生きているのか死んでいるのか、それすらも分からなかった当初とは違い、清正の部下たちを保護したおかげで、彼らの生存を知ることは出来一時は胸を撫で下ろしたものだが、彼らのもたらした情報に再び気をもむこととなってしまった。食料の頼りない中、骨折をして熱を出している幸村のことが、とにかく心配だった。体力をつけねばならないというのに、それすらも出来ずに、高熱で苦しんでいるだろう。痛み止めも熱冷ましも何もない状況で、痛みと戦っている幸村を思えば、自然と眉間に皺が寄った。最近では文吏寄りの立場であるものの、ほんの数年前までは清正たちに混ざって鍛錬の真似事をしていた身で、打ち身も骨折も捻挫も体験済みだ。痛み止めを飲んでいたが、ただひたすら痛みを耐えることしか出来ず、数日布団の中で呻いていたことをよく覚えている。

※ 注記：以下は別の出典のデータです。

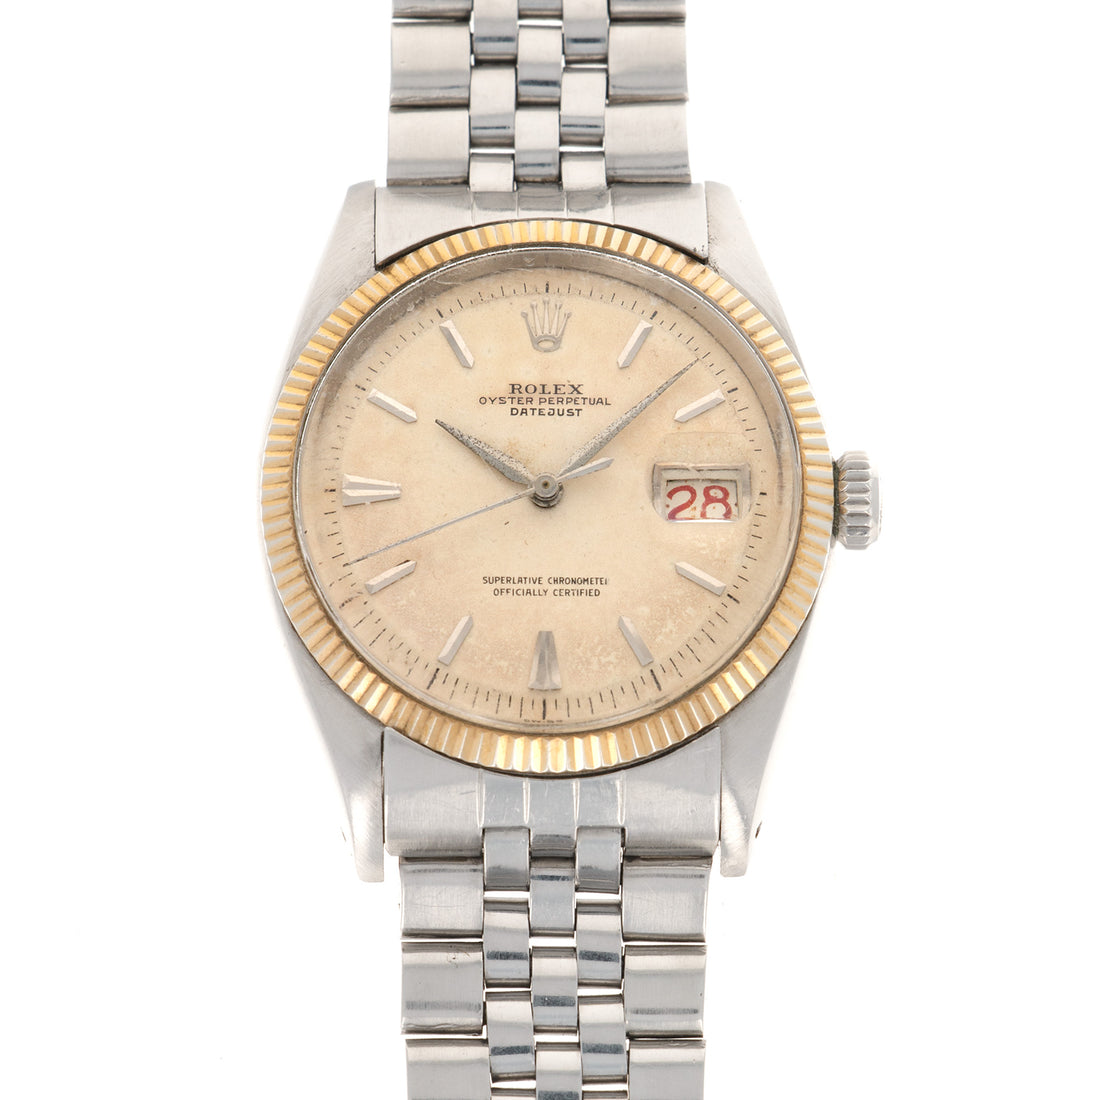 Rolex Stainless Steel Early Datejust Watch Ref. 6605
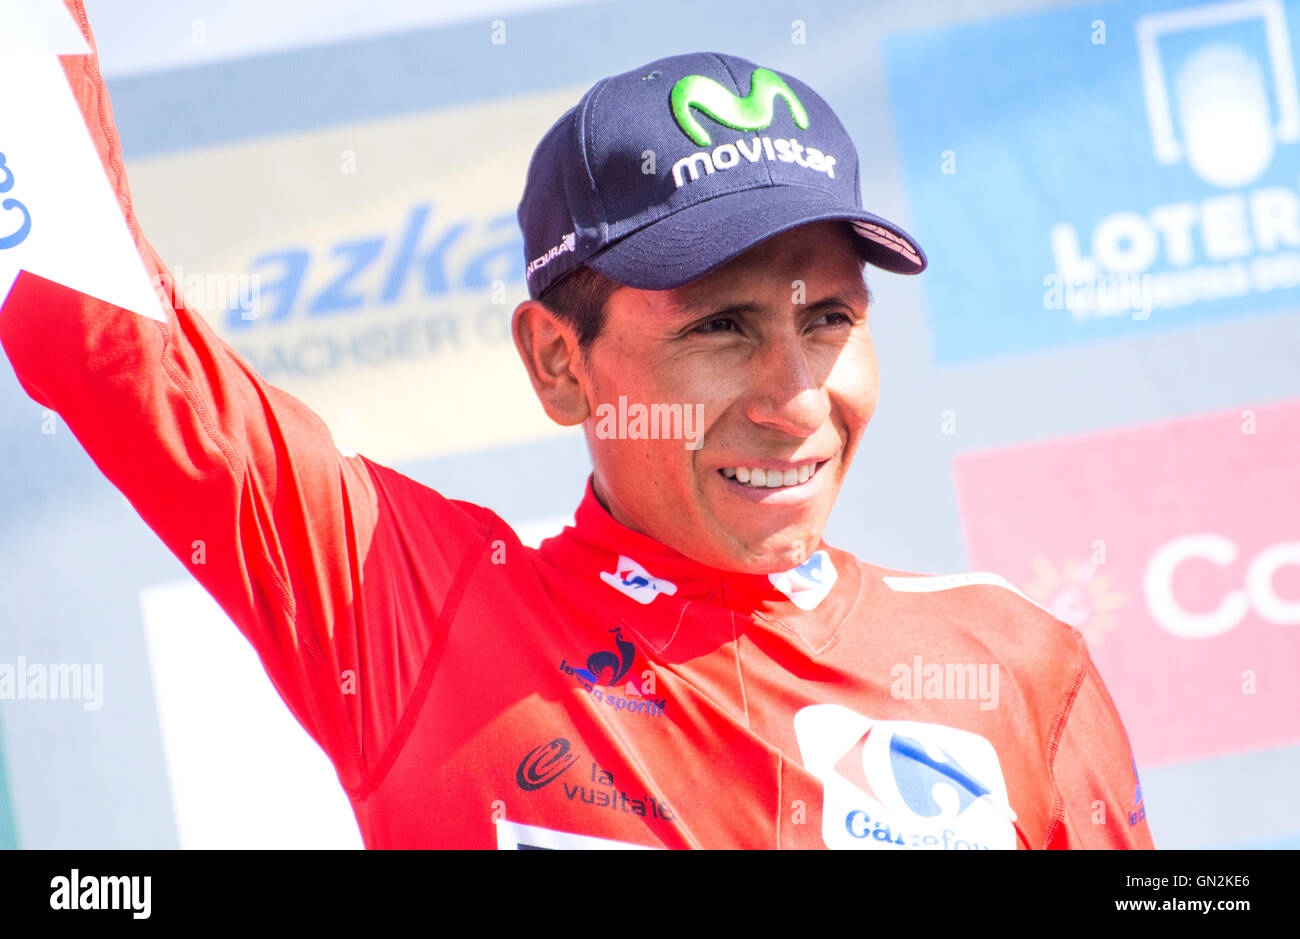 La Camperona, Spain. 27th August, 2016. Nairo Quintana (Movistar Team) with leader maillot at the podium of 8th stage of cycling race ‘La Vuelta a España’ (Tour of Spain) between Villalpando and Climb of La Camperona on August 27, 2016 in Leon, Spain. Credit: David Gato/Alamy Live News Stock Photo

幸村付きの女忍びは、出会った頃の不躾な陽気さのまま三成に接していたが、その表情は晴れなかった。当然と言えば当然だったが、たかが忍びと大名家の次男坊とが強い絆で結ばれていることに、少なからず戸惑いもあった。羽柴家はねねが忍びとして諜報活動を行うおかげが、忍びへの風当たりは良い方だが、それでも自分たちと同列に扱うことはない。けれども幸村は、くのいちの暴言を平然と流し隣りに立つことを許容し、彼女の存在を一忍びではなく、一人の人間として扱っている。それが奇妙でもあったが、彼らしいとも思った。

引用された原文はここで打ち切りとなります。